February is American Heart Month, so you should take this opportunity to better understand the symptoms and warning signs of a heart attack. A heart attack is the result of a blockage in the heart’s arteries, which can reduce or completely cut off blood supply to part of the heart. Irreversible injury to the heart muscle will occur if treatment is not received promptly, so remember these symptoms and call 911 immediately if you begin to experience one or more of them:
n Uncomfortable pressure, fullness or pain in the center of the chest that lasts more than a few minutes
n Mild to intense pain that spreads to the shoulders, neck or arms. This pain might feel like pressure, tightness or burning, and could be felt in the chest, upper abdomen, neck, jaw or inside the arms or shoulders
- Chest discomfort accompanied by fainting, sweating, nausea, shortness of breath or lightheadedness
- Anxiety, nervousness and cold, sweaty skin
- Increased or irregular heart rate
- A feeling of impending doom
The heart muscle pain called angina is often the first sign of blocked coronary arteries, which can lead to a heart attack. This discomfort tends to be noticed as a feeling of heaviness, pressure, tightness or aching in the chest, usually with a shortness of breath. Angina occurs most commonly during exercise, and the discomfort usually disappears after exertion. If you feel this sort of pain, consult a cardiologist immediately to avoid a future heart attack.

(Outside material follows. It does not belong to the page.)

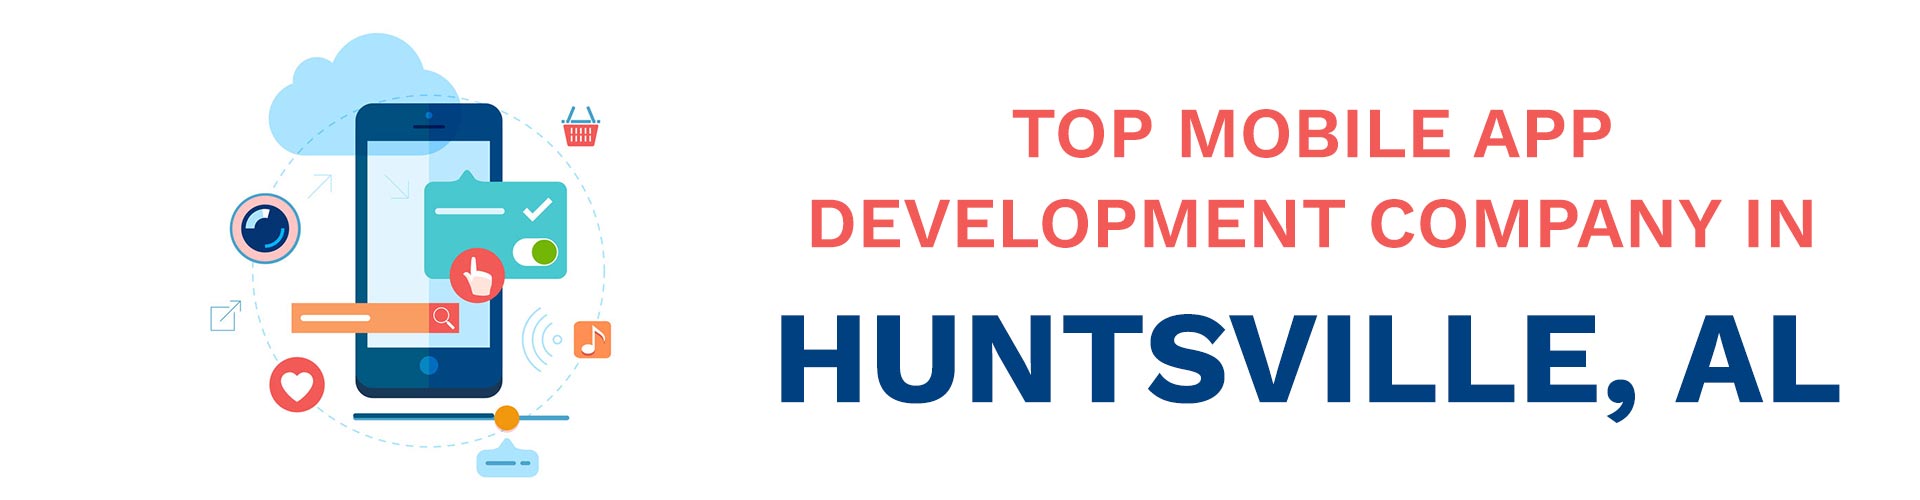 mobile app development company huntsville

Silent heart attacks are the most extreme case of silent ischemia, a chronic shortage of oxygen. Approximately 25-30 percent of heart attack victims had no previous symptoms of the blockages that had been gradually developing in their arteries. The absence of pain, however, does not mean there is an absence of damage during a silent heart attack. The predominant risk factors of coronary artery disease include age, sex, genetic predisposition, diabetes, high blood pressure, high blood cholesterol, smoking, lack of exercise and obesity. If you have more than one of these factors going against you, you should undergo a screening for silent ischemia.
Dr. Eric Guerrant is medical director of Ephraim McDowell Regional Medical Center’s Emergency Department.